Input data START

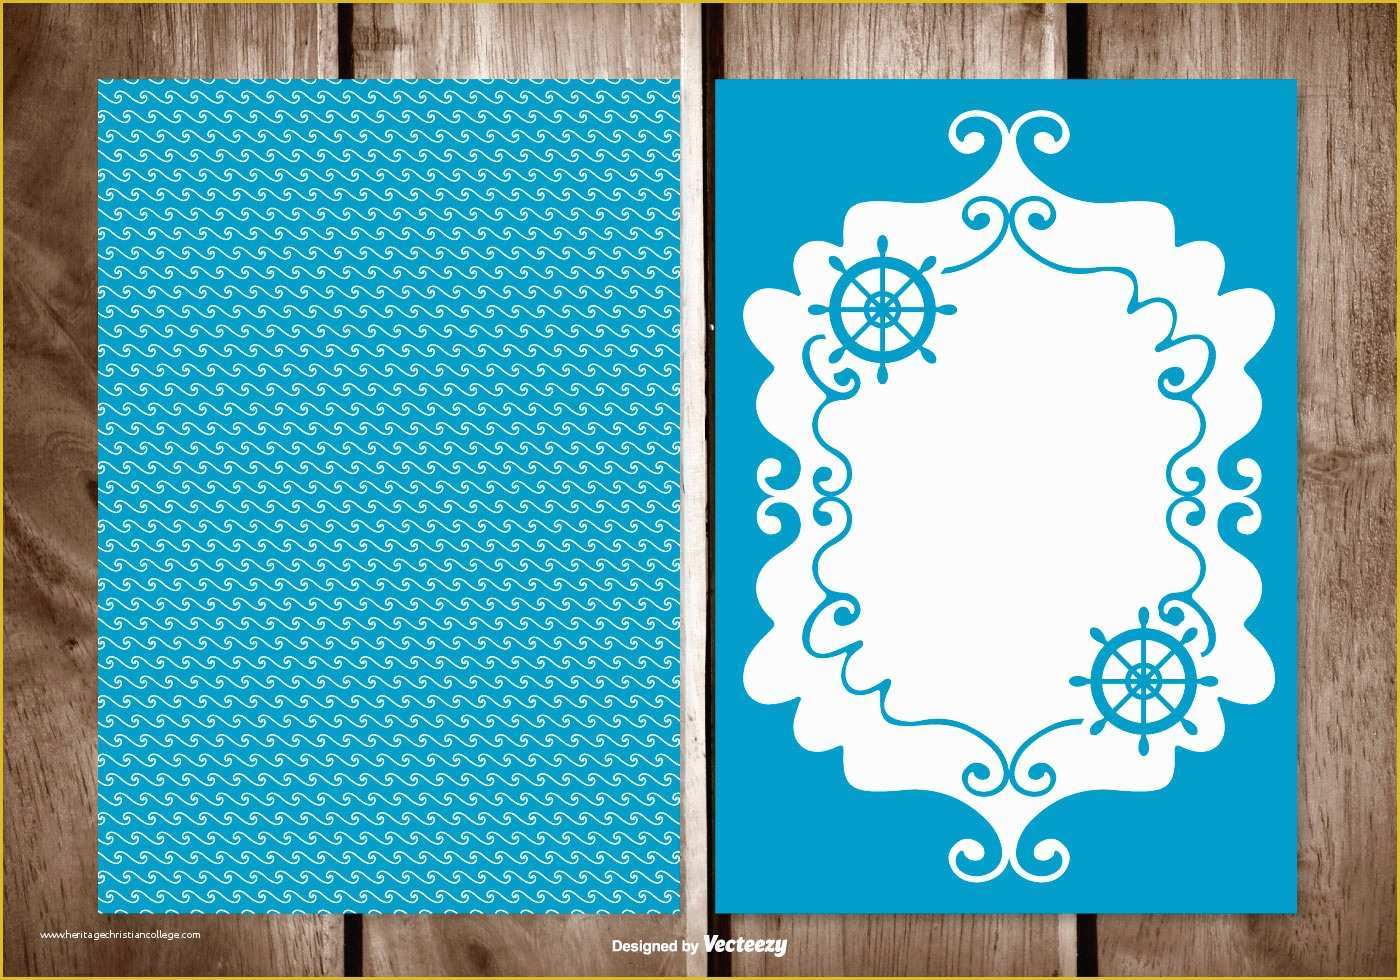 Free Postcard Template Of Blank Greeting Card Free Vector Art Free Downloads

Input data END
Input data START

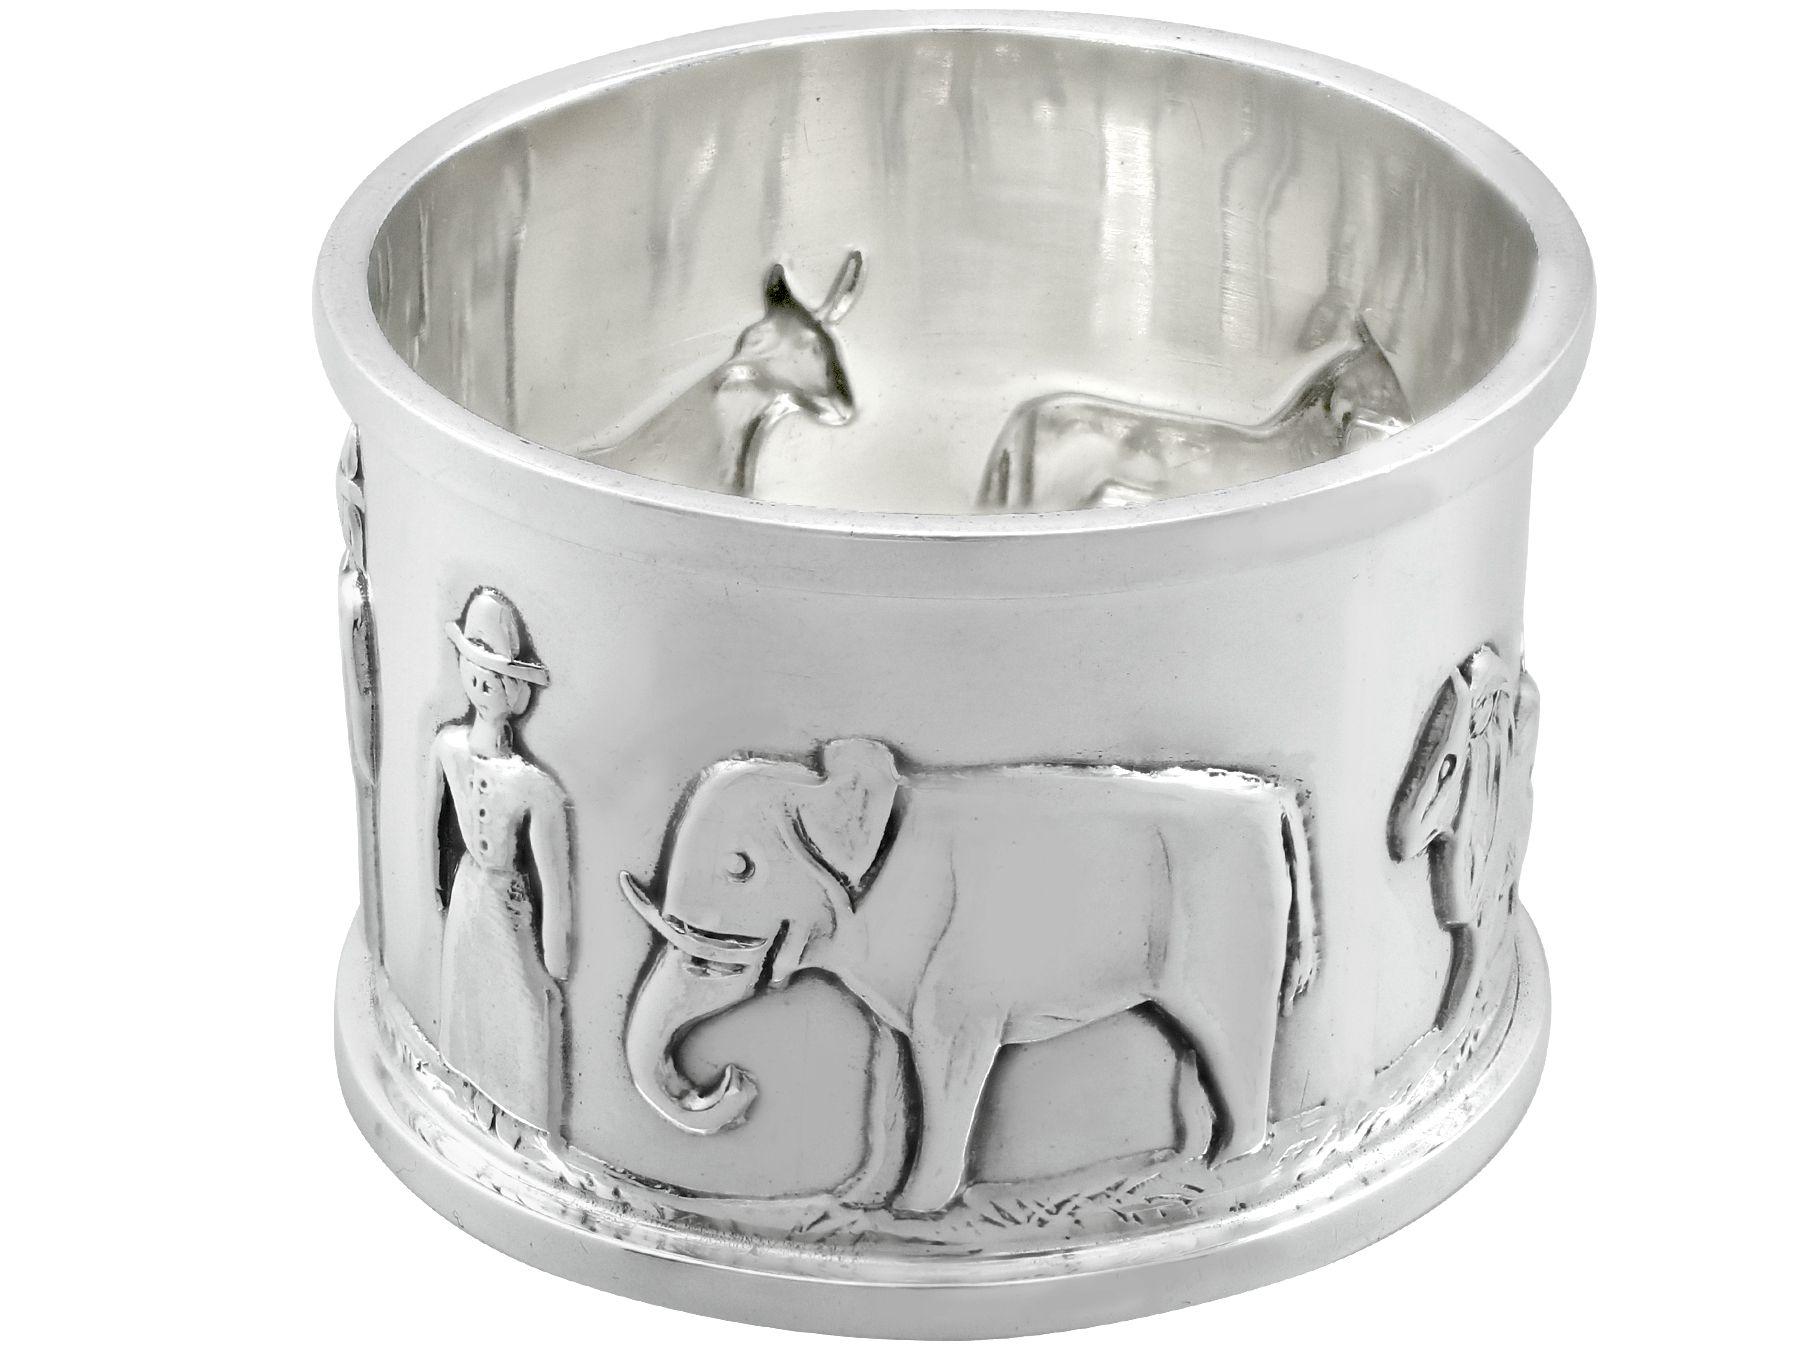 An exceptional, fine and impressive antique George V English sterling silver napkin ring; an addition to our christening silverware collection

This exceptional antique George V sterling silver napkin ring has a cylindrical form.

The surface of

Input data END

Exercise details: Write back the stretch of lines above that begins with the line holding "An exceptional, fine" and ends with the line holding "The surface of", both included, exactly as written. Pictures stay out.

Exercise response:
 An exceptional, fine and impressive antique George V English sterling silver napkin ring; an addition to our christening silverware collection

This exceptional antique George V sterling silver napkin ring has a cylindrical form.

The surface of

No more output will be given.